Homepage    The company    Scanning    Technology    Partners and references    Contact
Download        Functionalities        Screenshots

In the past few years, digitization has become essential. This new technique is creating a growing need for computer systems to manage texts electronically.

The DIGISCRIB Society, specialized in digitization of books and documents and encouraged by its partners the Centre d'Etudes Supérieures de la Renaissance (CESR) and its team Virtual Humanistic Libraries (BVH) and RE-TranscriPro, has invested in researching computerized solutions for encoding, analysis, management and manipulation of texts and documents after OCR processing or after their transcription.
This research goes hand in hand with the DIGISCRIB Society's research on Linux-based OCR tools and image management programs, like Tesseract and ImageMagick, for example.

Based on the XML/TEI encoding method, taking account of the possibilities that it offers and of the responses that it brings to an increasing demand, the DIGISCRIB Society has devoted itself to the development of text-encoding business software(1).

« EditTEI » is the name of this new text encoder.

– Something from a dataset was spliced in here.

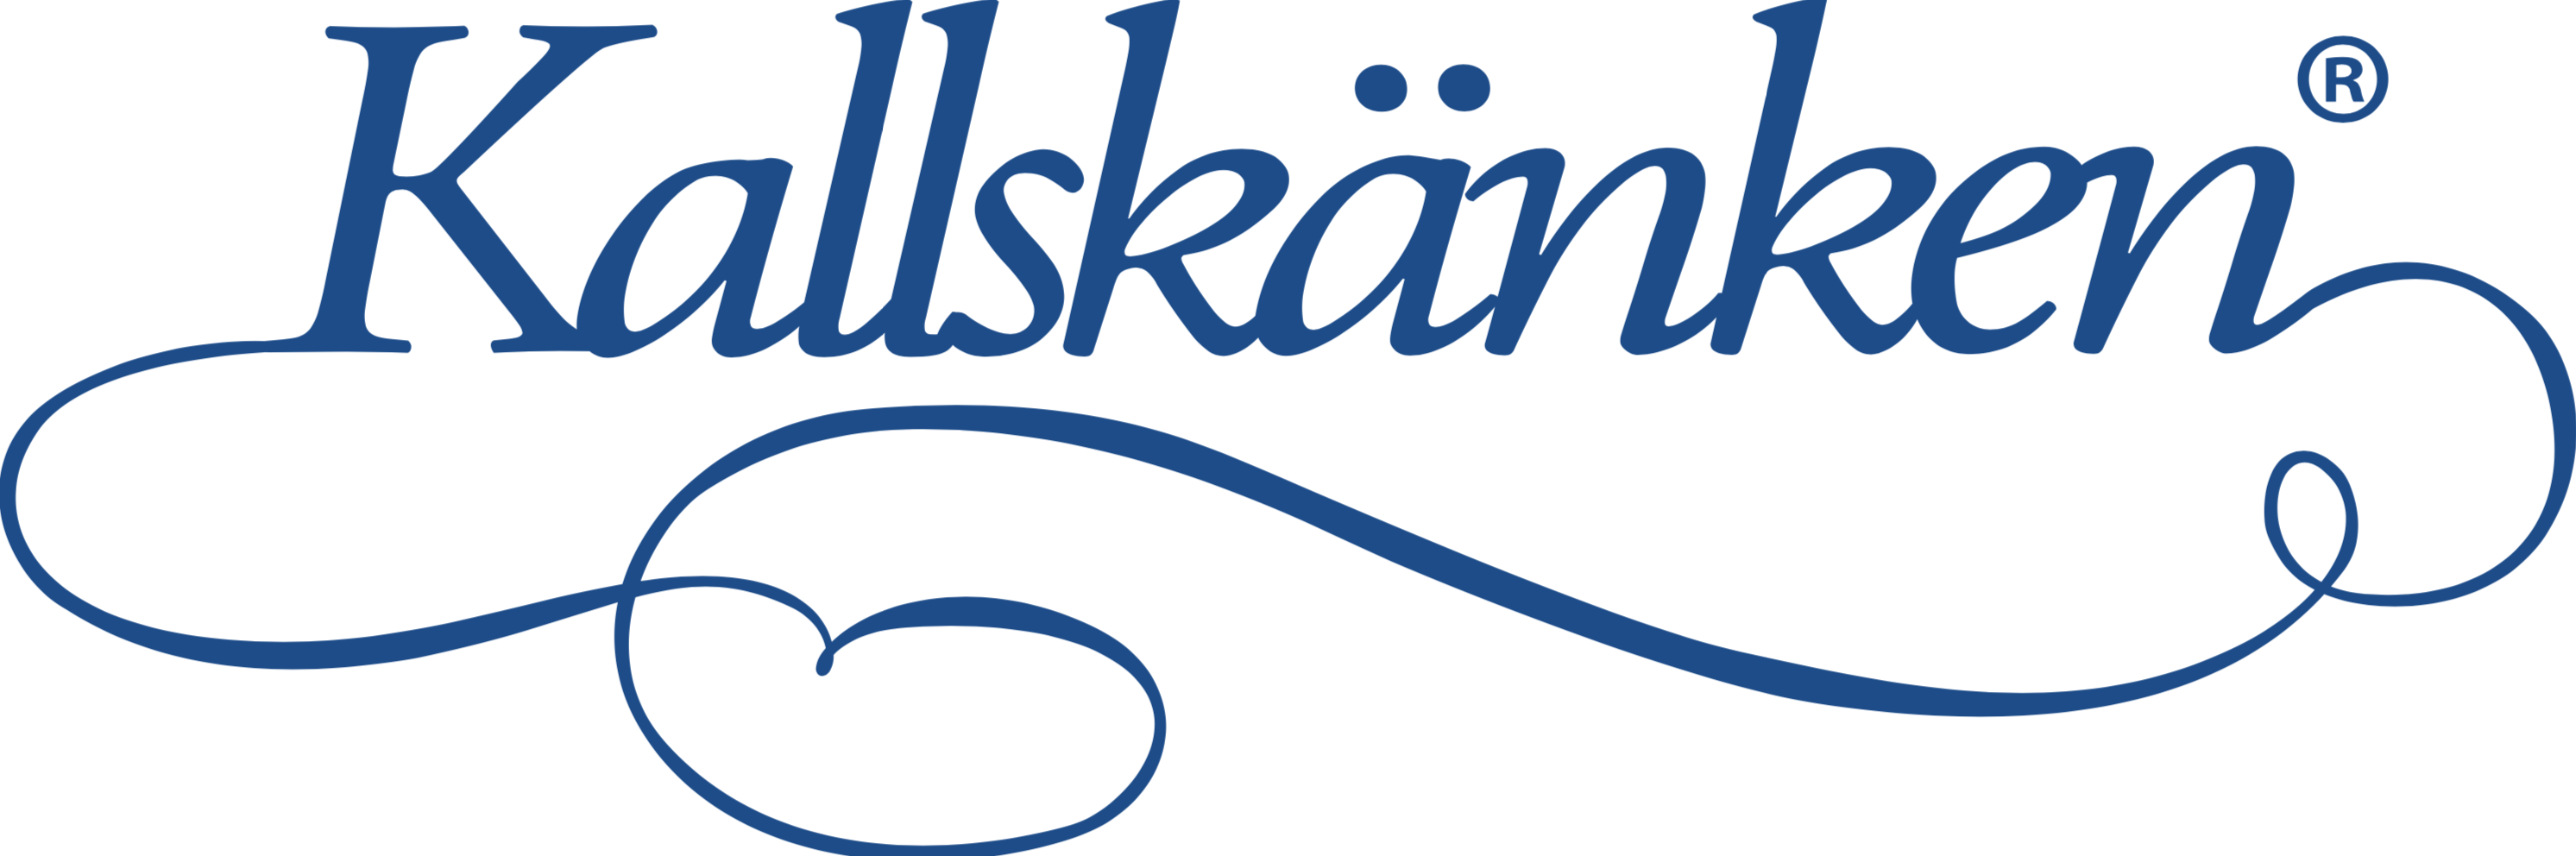 Kallskänken logo
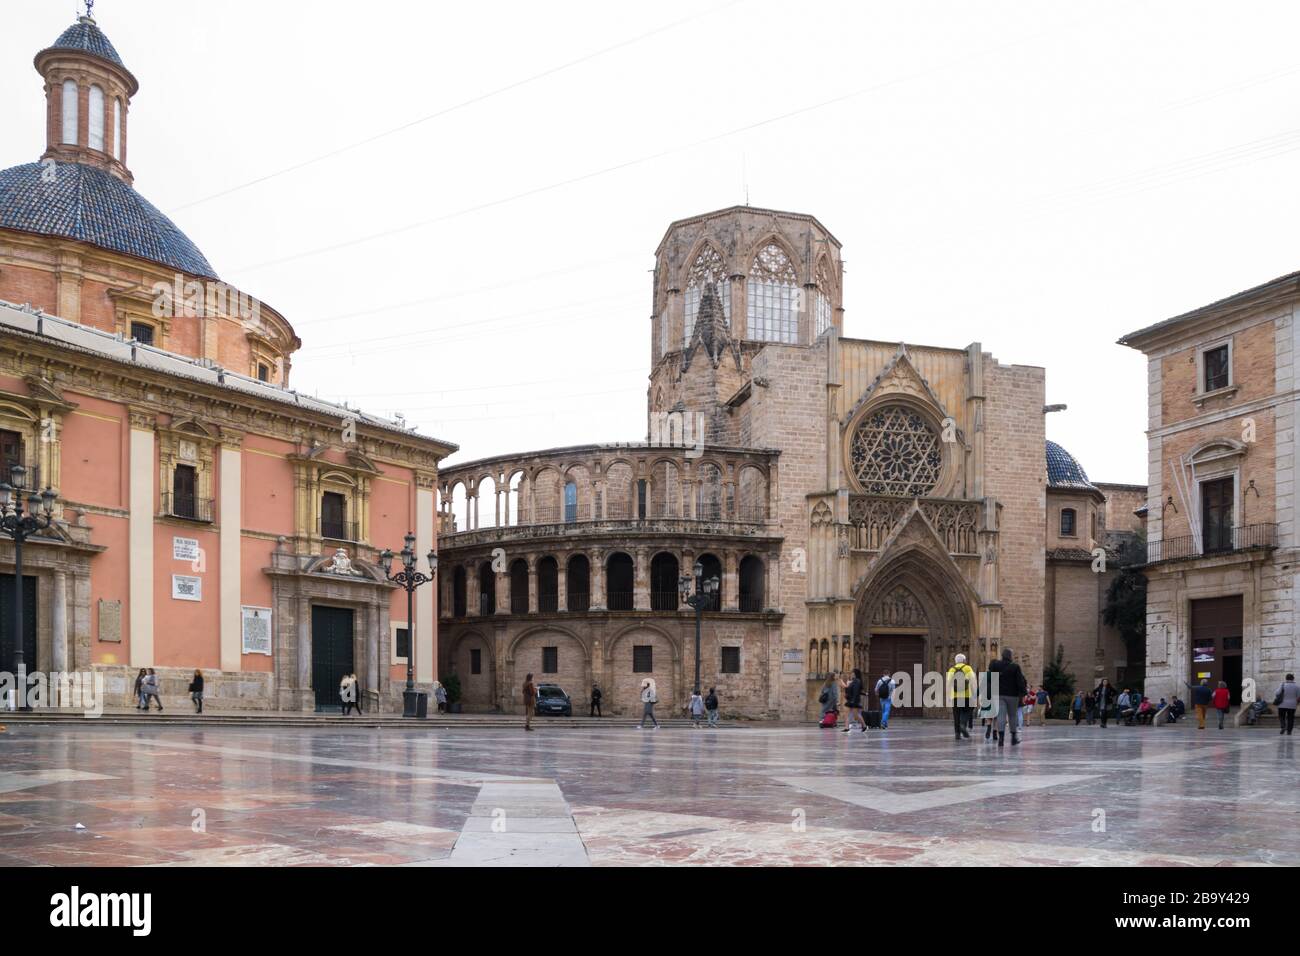 Valencia, Spagna - 12 febbraio 2020: Veduta della Cattedrale di Santa Maria e della Basilica della Virgen de los Desamparados in Plaza de la Virgen Foto Stock

It is written in Java, which makes it compatible with several platforms: Linux, Windows, Mac, etc. It is perfectly trilingual (French, English and Spanish).

This first complete version « EditTEI 1.6.5 » offers text-edit functionalities: the layout for interactive tagging without needing to know nor enter the XML/TEI tags. This task is done using a data header(2) or using an existing XML/TEI file(3), or simply from a new file(4).

This encoder offers commonly used text edit tools, as for example: open, save, print file, copy, cut and paste text, insert or delete pages, insert special characters ...

In addition to the basic text edit tools, the business software « EditTEI » allows the addition or deletion of existing XML/TEI tags, the encoding of characters in ASCII(5) and UTF8(6), among others, and may allow with permission the use of an on-line correcting dictionary, the possibility of « un-tilda-ing » of texts (extending words that are abbreviated with a tilda) or the concealment of abbreviations on demand.

(1) Specialized software developed according to the particular needs of a client.
(2) Ensemble of tagged information concerning the work. Information that is not seen in the document.
(3) A document in XML/TEI format with or without headers.
(4) A document in text format without headers.
(5) American Standard Code for Information Interchange, a character-encoding scheme based on the ordering of the English alphabet.
(6) 8-bit UCS/Unicode Transformation Format, a variable-length encoding for Unicode.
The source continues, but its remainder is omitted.